UNITED STATES DISTRICT COURT EASTERN DISTRICT OF NEW YORK

SUSANNE ERDE and MICHAEL ERDE, as Parents and Natural Guardians of J.E., and SUSANNE ERDE and MICHAEL ERDE, Individually,

Plaintiffs, MEMORANDUM AND ORDER -against- Case No. 20-CV-02181

RICHARD CARRANZA, in his official capacity as Chancellor of the New York City Department of Education, NEW YORK CITY DEPARTMENT OF EDUCATION, and NEW YORK STATE DEPARTMENT OF EDUCATION,

Defendants.

For the Plaintiff: For the Defendant: RORY J. BELLANTONI PHILIP S. FRANK Brain Injury Rights Group, Ltd. New York City Law Department 300 East 95th Street, #130 100 Church Street, Ste 2-167 New York, NY 10128 New York, NY 10007

BLOCK, Senior District Judge:

Plaintiffs Susanne Erde and Michael Erde, as parents and natural guardians

of J.E. (“Plaintiffs”), bring this action pursuant to the Individual with Disabilities

Education Act (“IDEA”), 20 U.S.C. § 1400 et seq., against the New York City

Department of Education (“DOE”), New York State Department of Education

(“SED”), and DOE Chancellor Richard Carranza (collectively, “Defendants”).
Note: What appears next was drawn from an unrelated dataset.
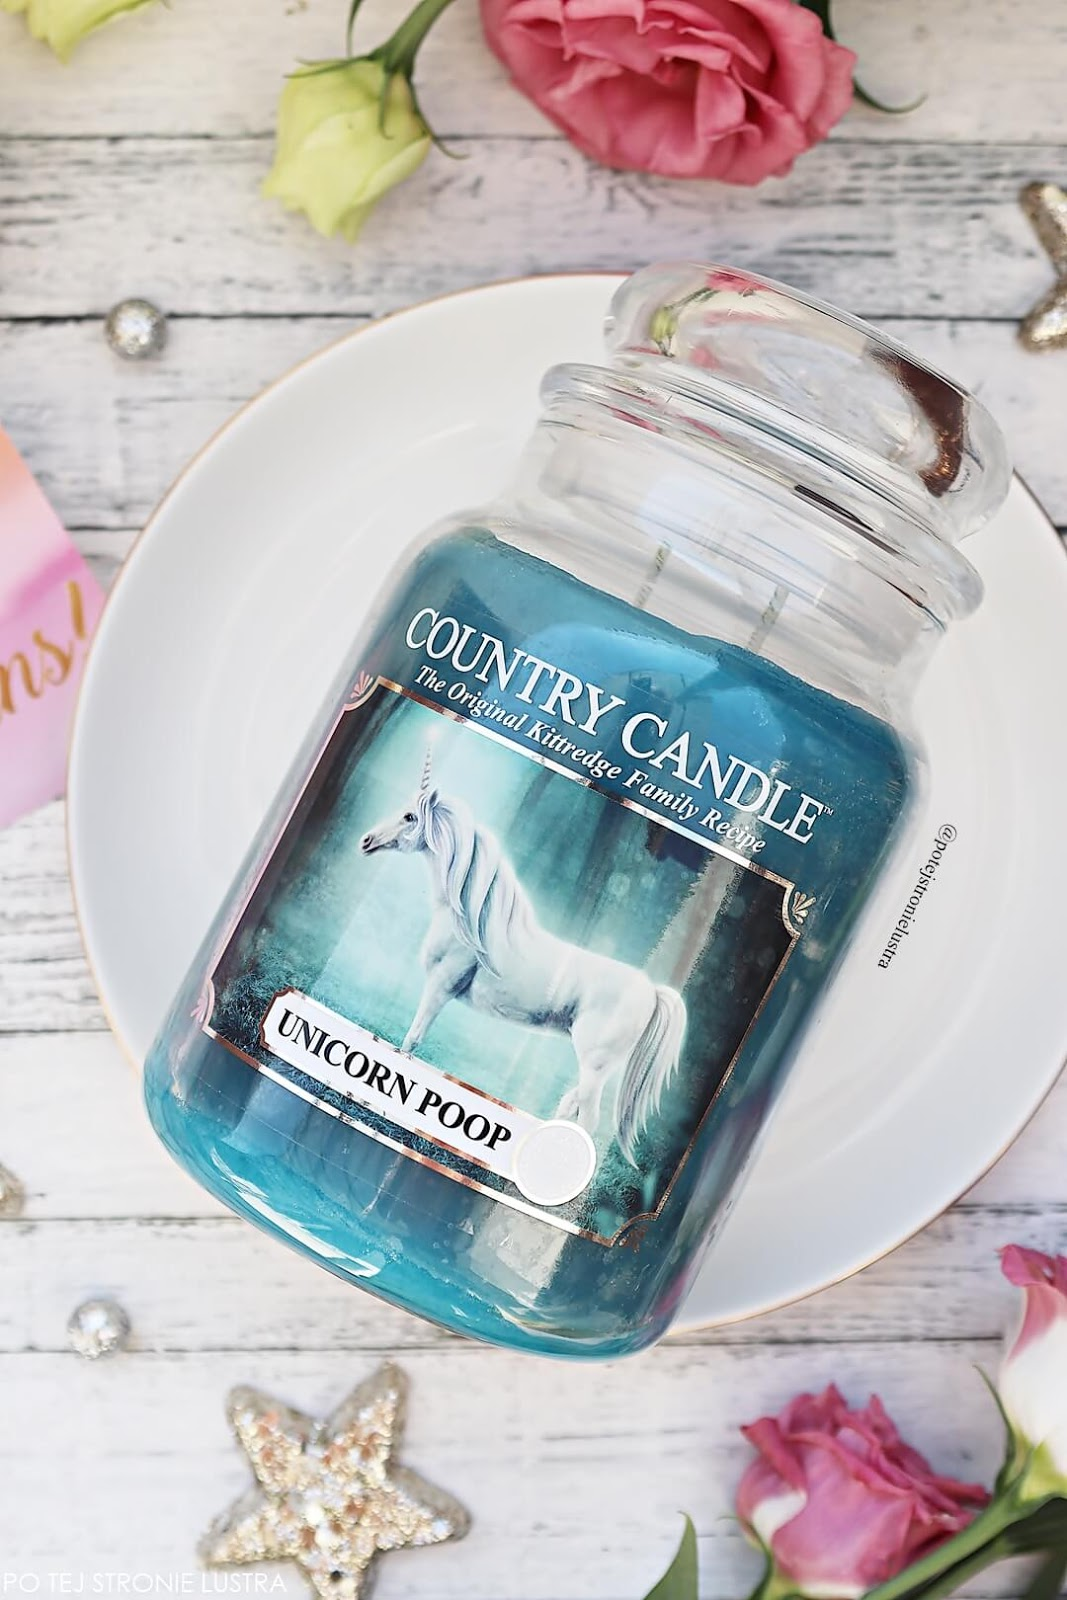 świeca o zapachu kupy jednorożca country candle unicorn poop
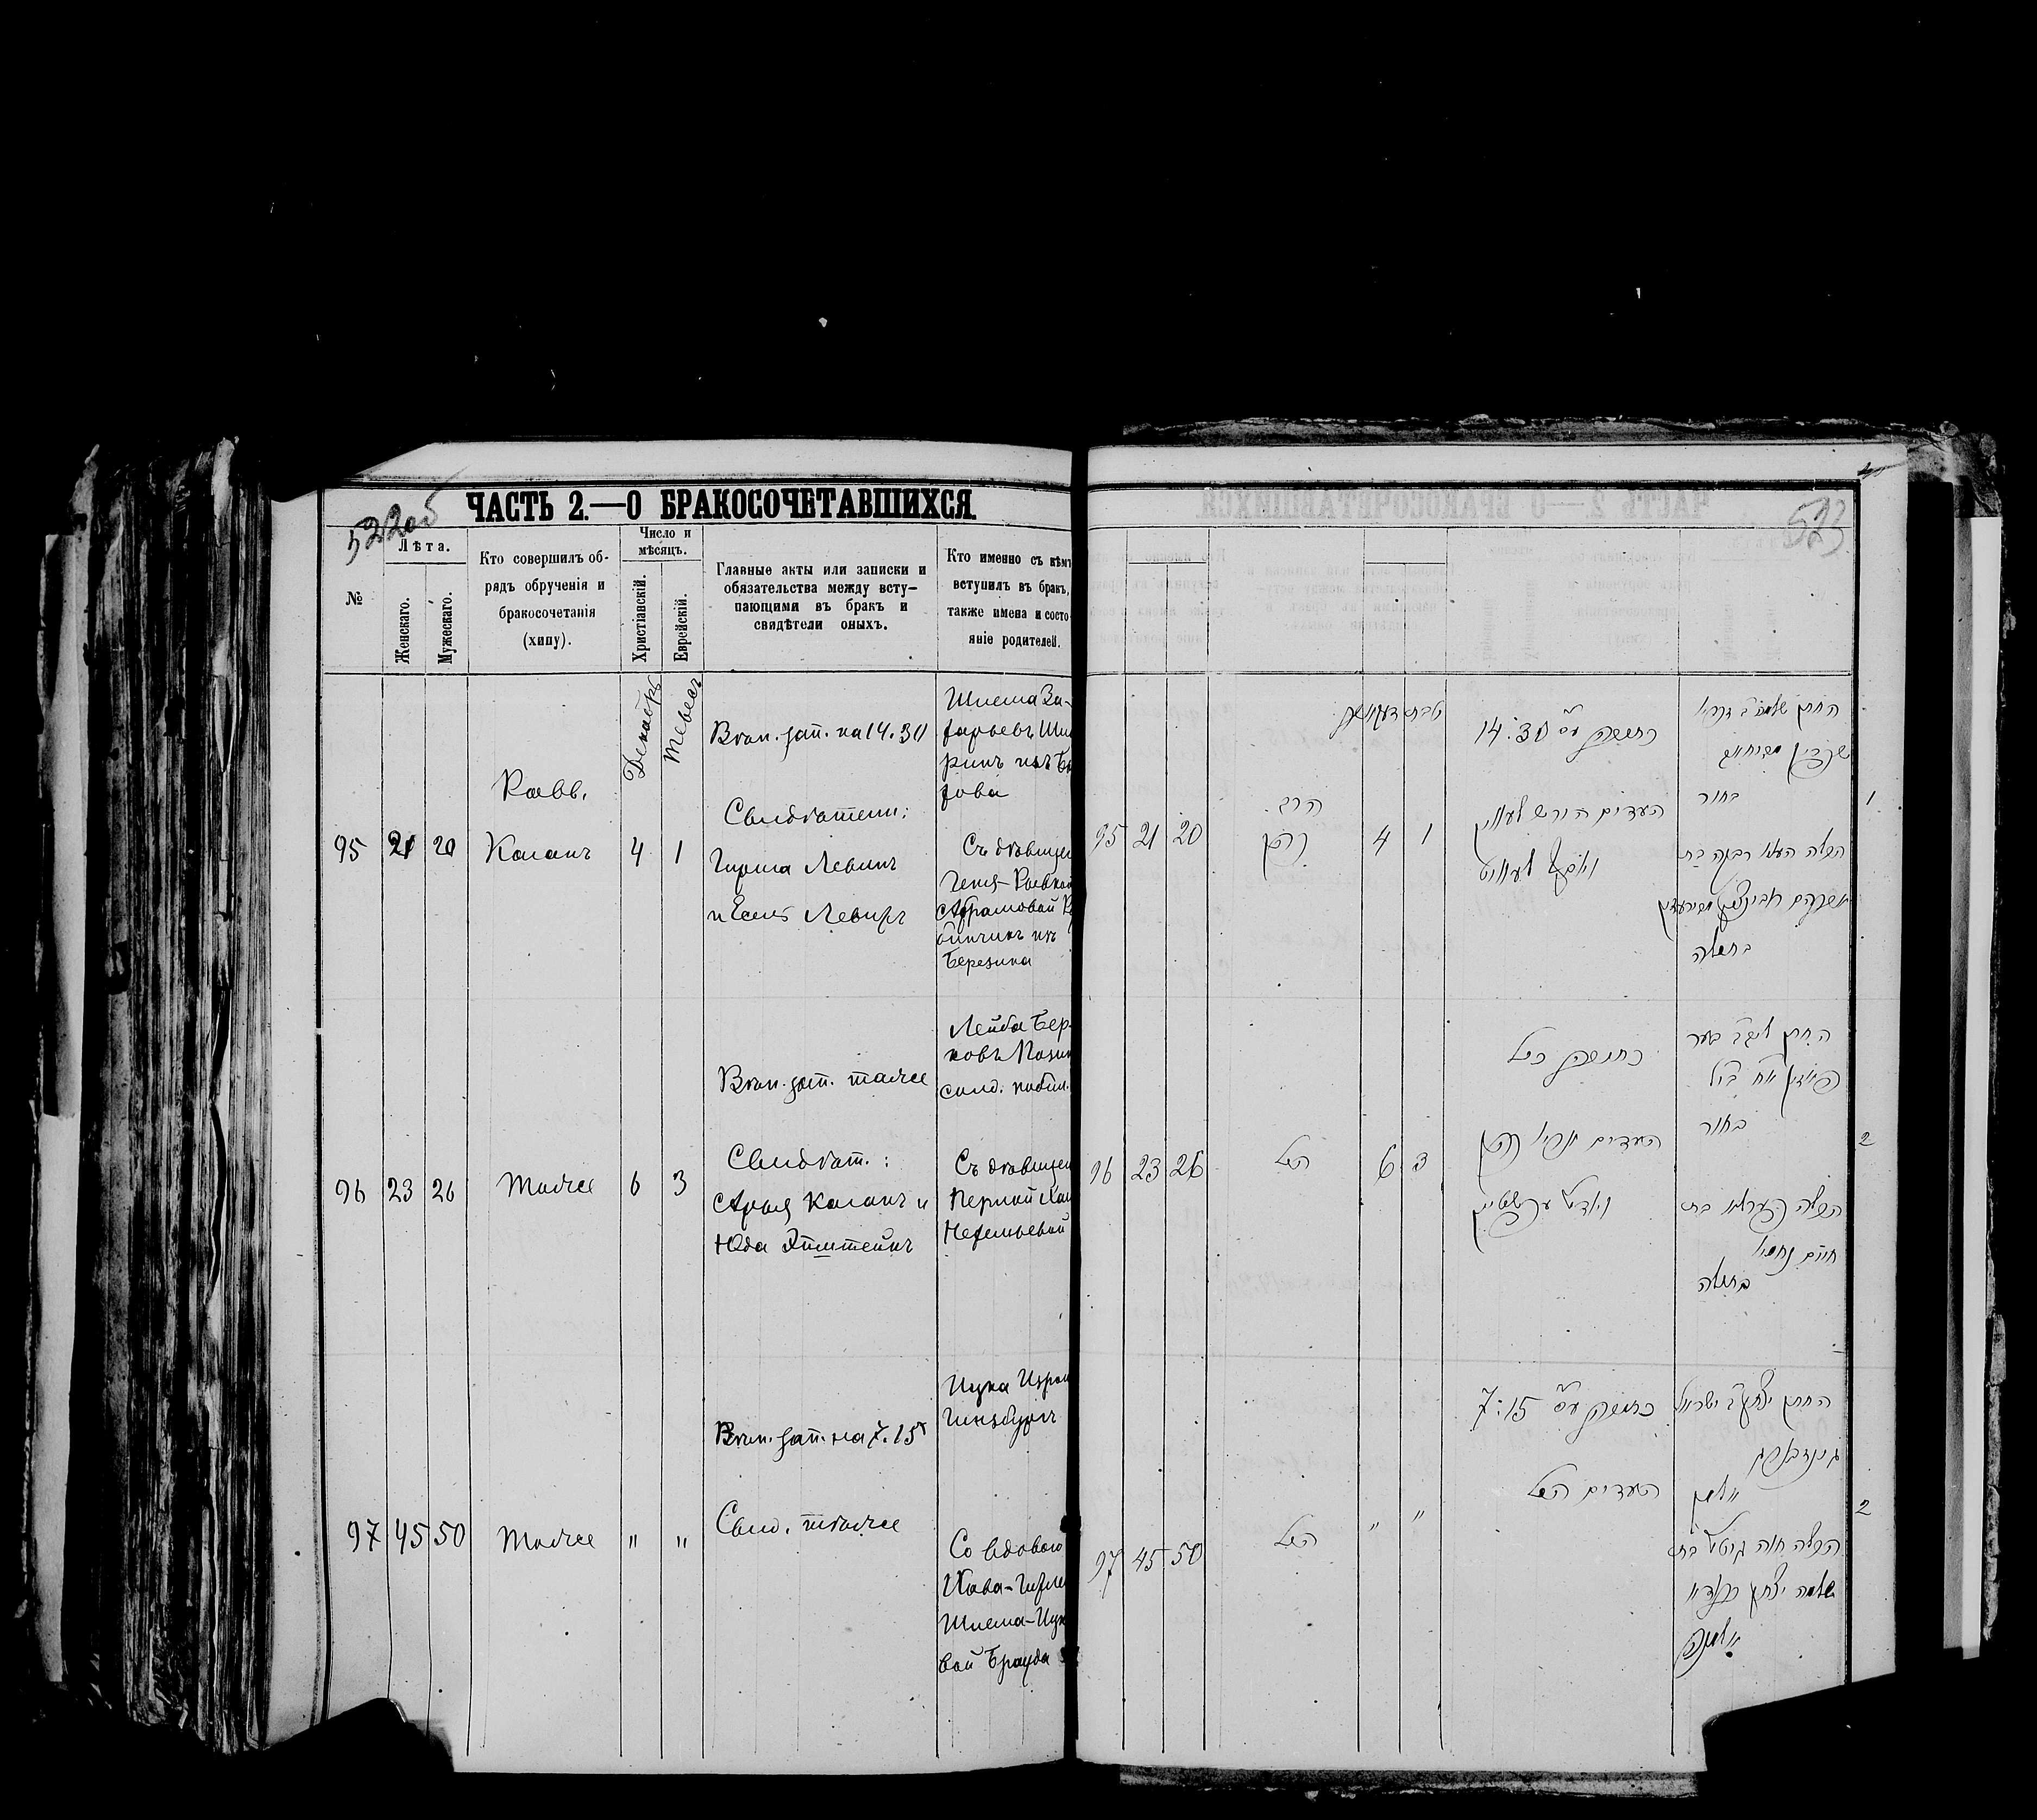 Ицка Изроилевич Гинзбург с Хавой-Гитлей Шлема-Ицковной Брауда 6 декабря 1879, запись 97, пленка 007766479, снимок 898

Plaintiffs seek reversal of the decision of State Review Officer Carol Hague, which

denied Plaintiffs reimbursement for tuition, transportation, and other services for 1

J.E. for the 2018–19 school year. Plaintiffs have filed a motion for summary

judgment pursuant to Federal Rule of Civil Procedure 56. Defendants oppose the

motion and have filed a cross-motion for summary judgment. For the following

reasons, Plaintiffs’ motion is DENIED and Defendants’ cross-motion is

GRANTED.

Statutory Framework

Congress enacted the IDEA “to ensure that all children with disabilities have

available to them a free appropriate public education designed to meet their unique

needs and to ensure that the rights of children with disabilities and parents of such

children are protected.” M.H. v. N.Y.C. Dep’t of Educ., 685 F.3d 217, 223 (2d Cir.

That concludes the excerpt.